Внезапно Коль увидел открывшееся «окно возможностей» в самой сердцевине кризиса. Приветствия толп народа Восточной Германии взбодрили его и стали оправданием драматического поступка. Ему предстояло стать машинистом локомотива объединения, и в этом качестве он был готов перевести рычаг ускорения еще на несколько новых зубчиков. К тому же он получил заряд энергии от всеобщего позитивного медийного восприятия своего визита в Дрезден – как дома, так и за рубежом. Общей темой уже на следующий день стало то, что западногерманский канцлер заложил основу для воссоединения и сделал это на земле Восточной Германии[523]
.Дрезден стал началом подлинного моря изменений в общественном восприятии Коля. Он пошел к людям. Он всегда обращался к восточным немцам со словами «дорогие друзья». Он с очевидным удовольствием купался в обожании масс. Крики «Гельмут, Гельмут!» отражали возникшее у восточных немцев ощущение, что западногерманский лидер стал для них своим человеком. Поскольку все это транслировали по телевидению в обоих Германиях, то очень быстро канцлер со свойственным ему бурным выражением патриотических чувств наполнил немецкие квартиры от Берлина до Кельна и от Ростока до Мюнхена[524]
.Конечно, подобные приветствия сопровождали и выступление Вилли Брандта на митинге СДПГ в Магдебурге в ГДР в тот самый день. С огромным энтузиазмом встречали и Ханса-Дитриха Геншера в его родном городе Галле и в Лейпциге, куда он вернулся 17 декабря[525]
. Но Коль в Дрездене намного обошел их всех. Очень редко канцлера – часто становившегося объектом насмешек за неуклюжую провинциальность – встречали так восторженно даже в его собственной Западной Германии. Учитывая, что в ФРГ до выборов оставалось меньше года и что германское единство становилось доминирующим вопросом, Дрезден стал самым лучшим завоеванием общественного внимания, о котором канцлер мог только мечтать.И какого-то международного соперничества тоже не было. В тот самый день, 19 декабря, когда Коль выступал в Дрездене, Эдуард Шеварднадзе стал первым советским министром иностранных дел, который появился в штаб-квартире НАТО[526]
, что стало еще одним символическим сигналом завершения холодной войны. А 20 декабря уже Франсуа Миттеран стал первым лидером из числа западных стран-союзниц, совершивших официальный визит в столицу Восточной Германии, – еще одно событие, соединявшее многих помимо крошащейся Стены[527]. Но все эти события звучали как легкий шум на фоне большого взрыва, устроенного Колем.
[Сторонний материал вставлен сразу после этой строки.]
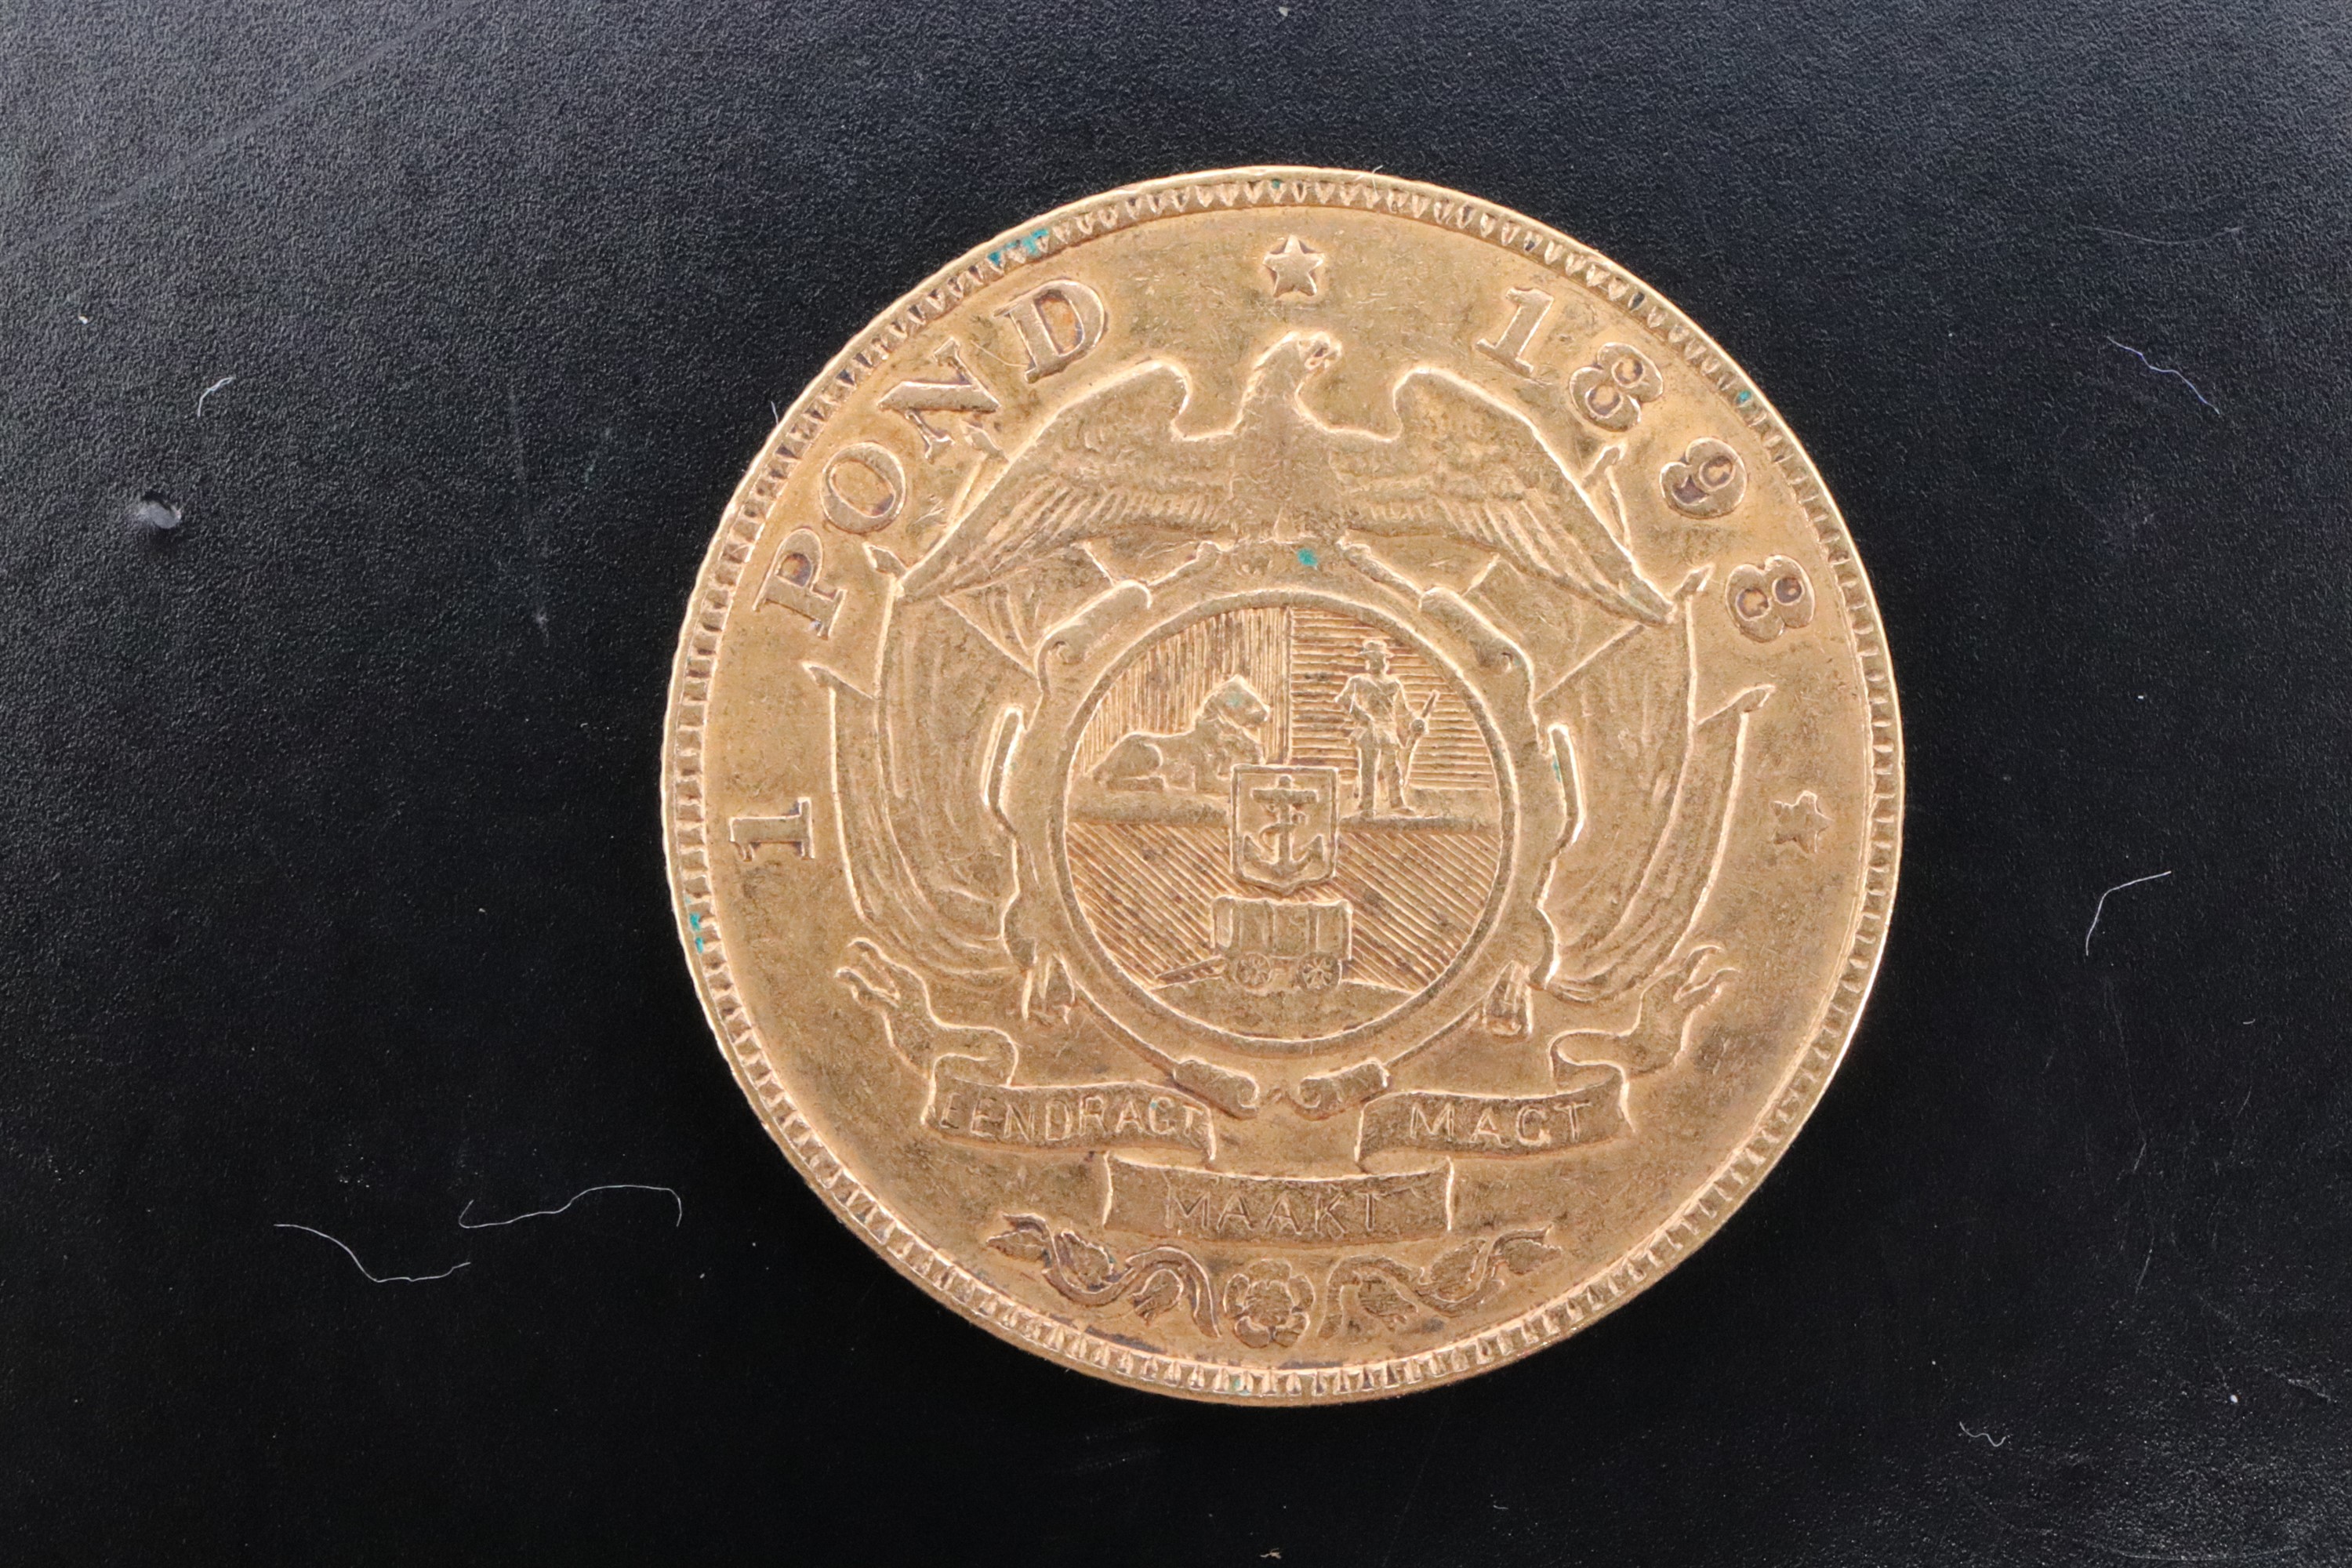 An 1898 Boer South African Republic / Zuid-Afrikaansche Republiek 1 pond gold coin - Image 3 of 4

Более того, эти инициативы представлялись поразительными только в сравнении с прошлым, в то время как канцлер смотрел в будущее, и все это знали[528].Это стало совершенно очевидным в одно мгновение 22 декабря – в ту дождливую пятницу в канун рождественских праздников, – когда Коль и Модров официально открыли пункты перехода у Бранденбургских ворот. Глядя на людей, праздновавших единение их собственного города, Коль воскликнул: «Это один из самых счастливых дней в моей жизни!» Для канцлера в конце этого памятного года – прошло менее месяца после его речи о 10 пунктах – Дрезден и Берлин на самом деле означали самые приятные воспоминания[529]
.Конец 1989 г., конечно, не был счастливым для всех и каждого. Когда люди в западном мире собрались за рождественским ужином, экраны их телевизоров заполнили кадры последних мгновений жизни Николае и Елены Чаушеску. Абсолютный правитель Румынии на протяжении двадцати пяти лет и его жена были казнены солдатами его армии, которой он еще командовал за несколько дней до этого.
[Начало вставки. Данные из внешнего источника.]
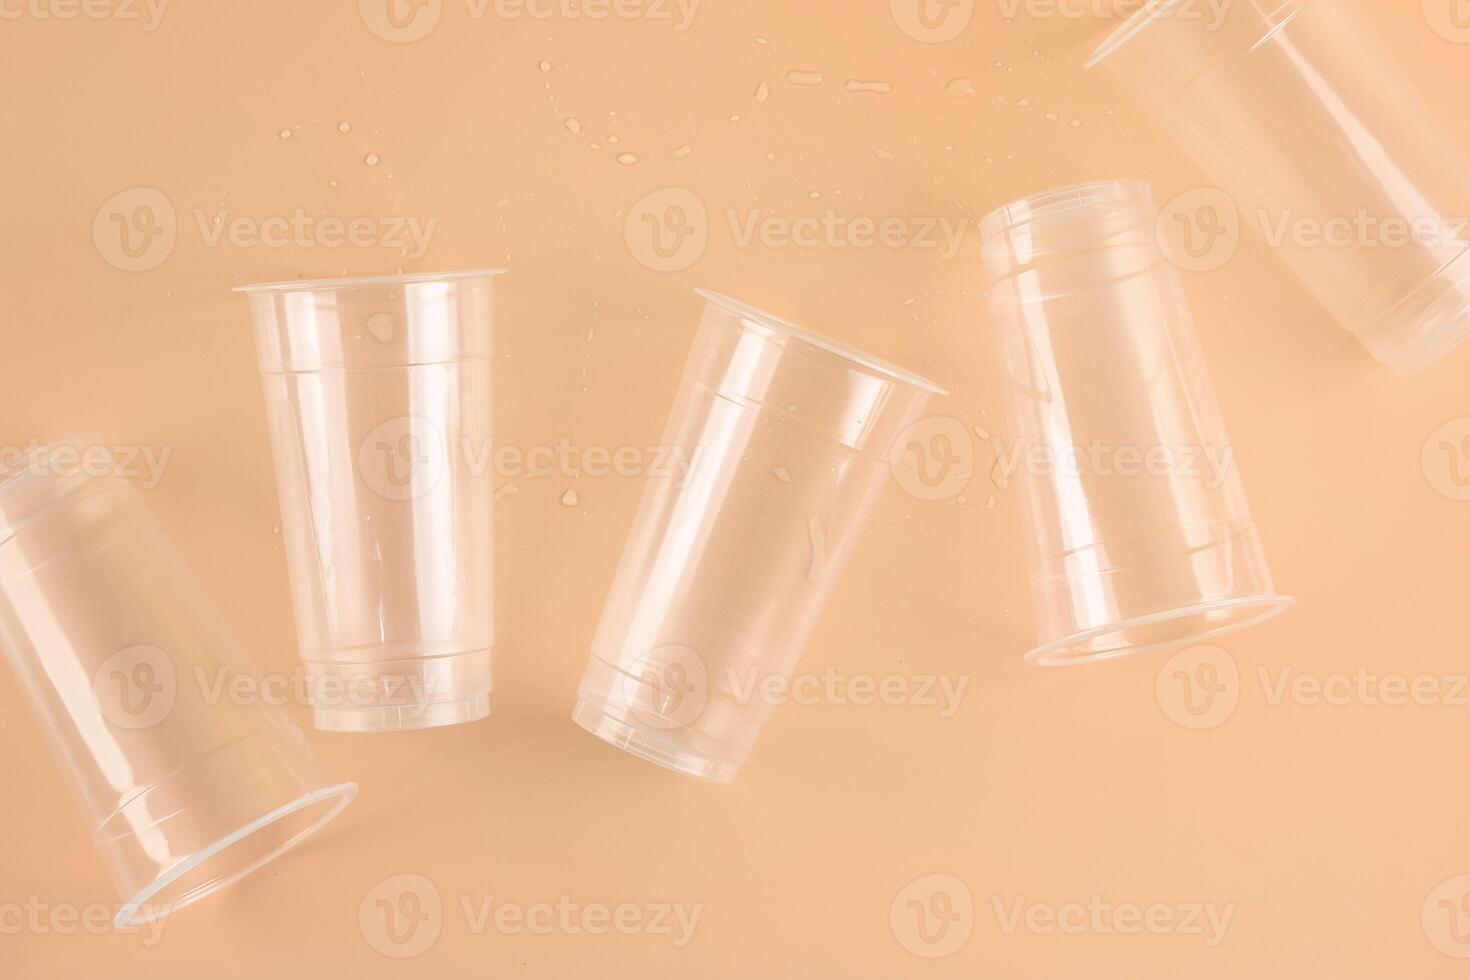 descartável plástico copos foto

Румыния была последней из числа стран советского блока, которая пережила революционные перемены. И она была единственной, в которой они сопровождались широкомасштабным применением силы в 1989 г.: по официальным данным, 1104 человека были убиты и 3 352 человека ранены[530]
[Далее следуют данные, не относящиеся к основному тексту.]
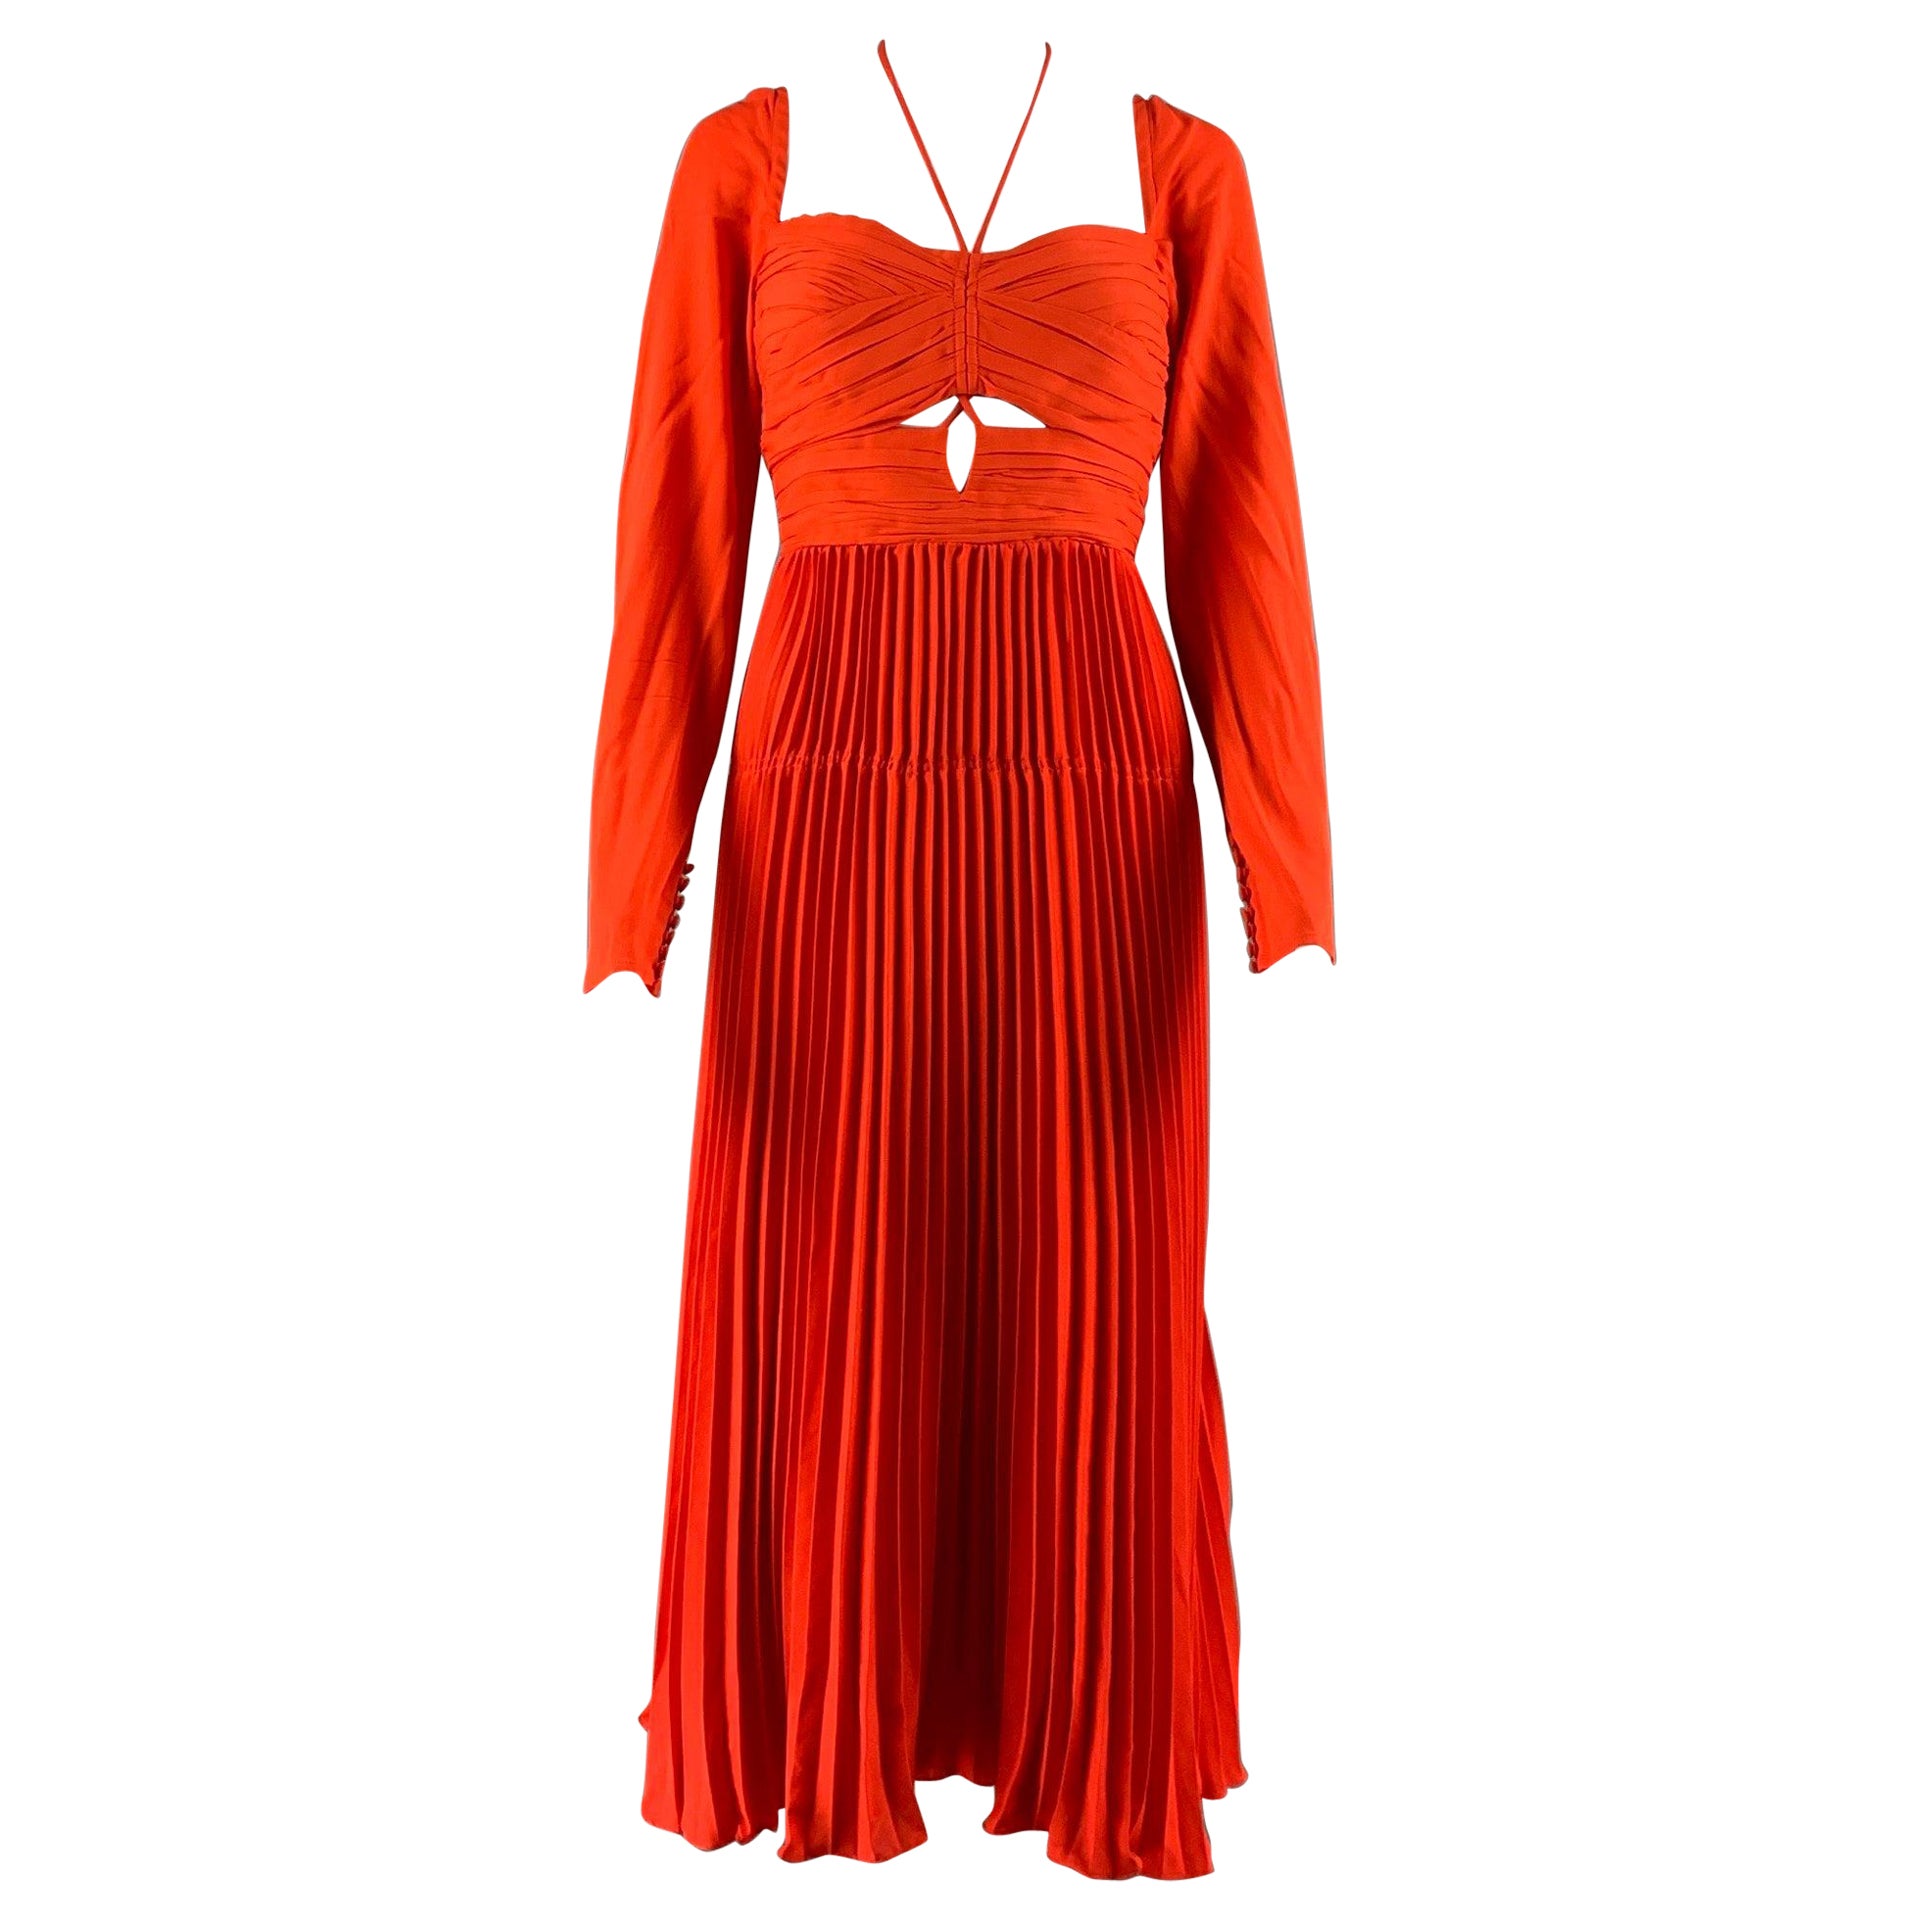 SELF-PORTRAIT Size 8 Orange Viscose Blend Pleated Off-Shoulder Cocktail Dress

. Только здесь, как и в Китае, были применены танки, происходили масштабные перестрелки. Это отражало природу чрезвычайно персонализированной и арбитражной диктатуры Чаушеску – самой жестокой в Восточной Европе. Отдалившись от Москвы в середине 1960-х гг., Чаушеску остался в стороне и от реформистской повестки дня Горбачева, и от мирного подхода к осуществлению изменений.Так почему в таком репрессивном полицейском государстве началось восстание? В отличие от других стран блока Чаушеску смог погасить все внешние долги Румынии – но это стало высокой ценой для его народа: он настолько сократил внутреннее потребление, что магазины стояли с пустыми полками, в домах не было отопления и подача электричества ограничивалась несколькими часами в день. Между тем Николае и Елена жили в показной роскоши.